Allstate Corp. of Northbrook, Ill., has such a name - but not as a provider for banks. "We have to demonstrate to banks where we can strengthen our worth," said Rob Shore, the director of its bank distribution division, Glenbrook Life and Annuity Co. "When we talk to prospects, as well as to existing partners, it's not necessarily about products. It's about what else do we have, and what else we can do for them."

Setting up proprietary annuity products has been the strategy of choice for many insurers, said bank-insurance consultant Kenneth Kehrer of Princeton, N.J. With proprietary variable annuities, a bank's funds are wrapped into the product. With fixed annuities, the bank manages the annuity assets.

Another insurer that has used the proprietary strategy successfully is Nationwide Financial Services Inc. of Columbus, Ohio. Proprietary fund products make up about 30% of its bank sales of variable annuities, said Matt Riebel, president of Nationwide Financial Distributors Agency Inc., which distributes its annuities through banks.

Mr.

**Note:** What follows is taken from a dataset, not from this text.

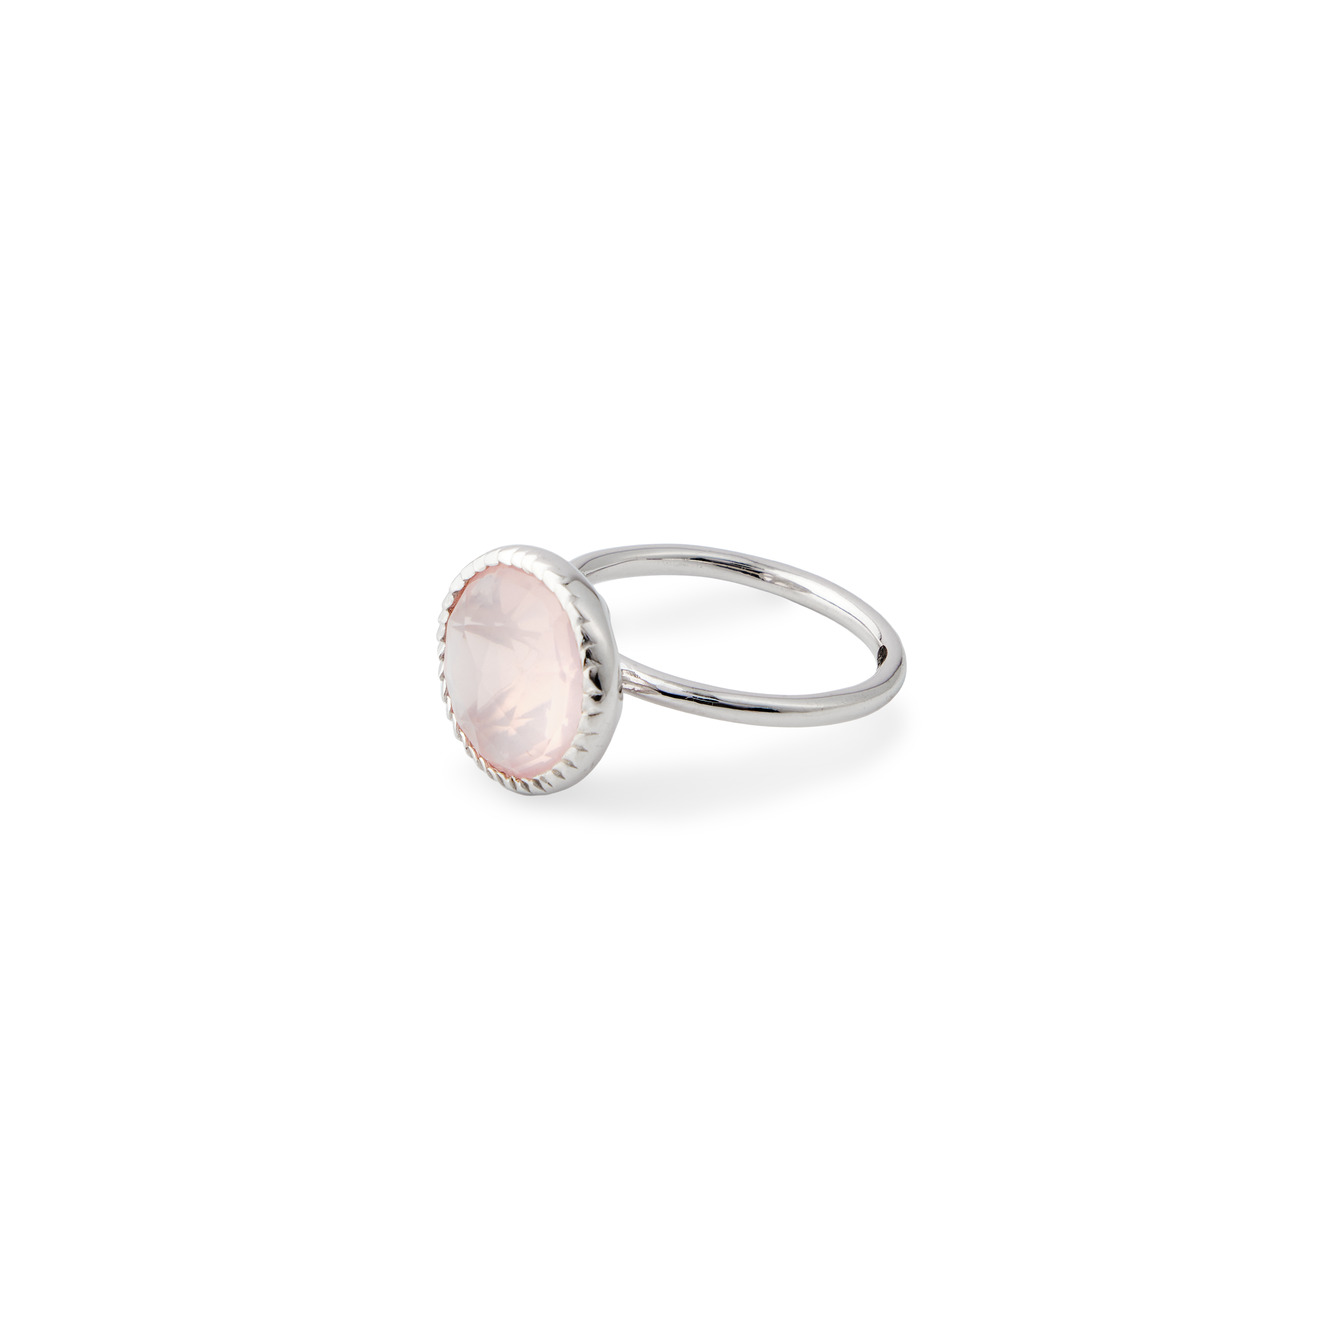 Wisteria Gems Серебряное кольцо тонкое с крупным розовым кварцем wisteria gems незакрытое позолоченное кольцо с гранатом и розовым кварцем

Riebel acknowledges, however, that even proprietary annuities have become commoditized. Almost everyone can create proprietary annuities with a bank, he said, "so it's not as much of an advantage as it once was."

Nationwide also has a program that helps sales managers hire and retain the right platform employees. "Banks, like everyone else in retail, have a tough time finding and keeping talented people," Mr. Riebel said. "We help them identify the right person and help them hold on to them. We'll talk to banks about what sort of incentive programs they set up."

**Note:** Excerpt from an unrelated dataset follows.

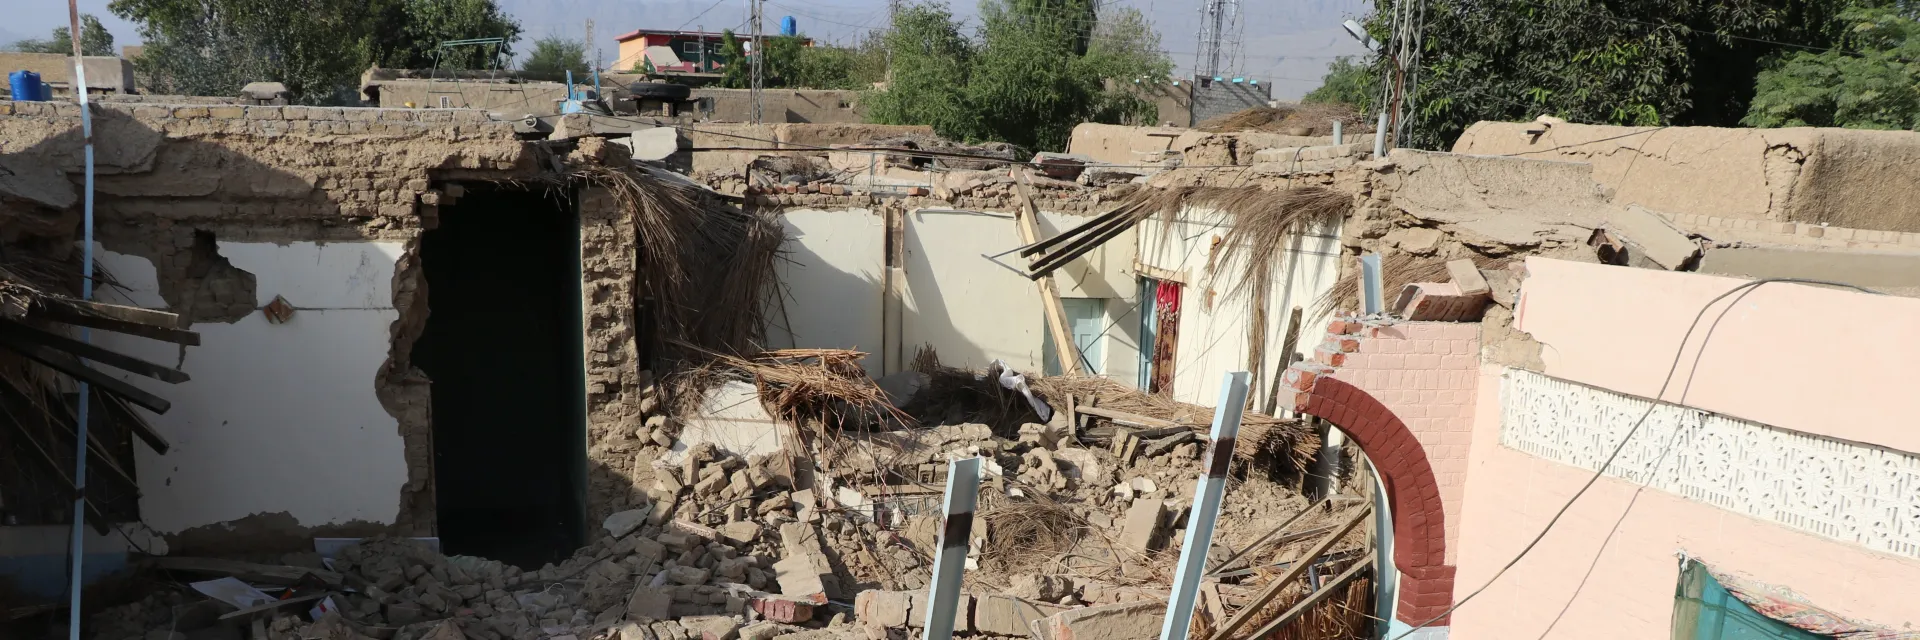 Des maisons ont été détruites par le séisme au Pakistan

Philadelphia-based Lincoln National Corp. is a relative newcomer to the bank channel. Phil Holstein, who runs the unit that distributes its annuities only through banks, said that even though proprietary products are common, insurers cannot afford not to offer them.

"We were late to the game" and have not done much with proprietary annuities, he said, "but we're doing it now."

Mr. Holstein said selling to banks requires experienced salespeople who deal only with banks. "We have 25 wholesalers dedicated to banks," he said. "Banks are different. We have to understand what drives them and what pressures they face. Only a bank-dedicated wholesaler is going to know."

Hancock's Mr. Waterworth said his company has some proprietary fund agreements, but he would like more. To sell through any of the top 100 banks, putting the bank's own funds into the annuity is "an absolute must," he said.

Though Allstate also has several proprietary fund agreements, its Glenbrook subsidiary is using a training program to make friends with banks.

The program is designed to help bank-based financial consultants find out what kind of financial help and products their customers need.

The program, launched in March, is called Hatrack because of the many hats platform reps have to wear when working with clients, Mr. Shore said.

Insurers "have to develop programs that help our bank partners drive up sales," Mr. Shore said.

He wants Allstate to be the top annuity provider in every bank through which it sells. "If we are there already, a program like this will help us stay there," he said. "If we aren't, we're hopeful it'll help us move up."

John Hancock is taking a more comprehensive approach toward making itself indispensable to bank partners. Late last month it rolled out Platform Plus, a total sales, marketing and support service for bank insurance and investment sales. The first and so far only customer is Compass Bancshares of Birmingham, Ala.

The service was developed with Essex Corp., the veteran third-party marketing organization Hancock bought in 1999. It not only gives Compass' reps access to all of Hancock's life insurance, annuity, and mutual fund products, but also provides sales materials and product training to Compass' reps.

All of these strategies are increasingly necessary for insurers that want to be sure they are getting the most from their bank partners, analysts said.

Michael White, president of the Michael White Associates consulting firm in Radnor, Pa., said bank platform employees need a better understanding of the insurance products they sell.

"Helping a bank train its sales staff is a great way to up your production and improve your relationship with the bank," he said.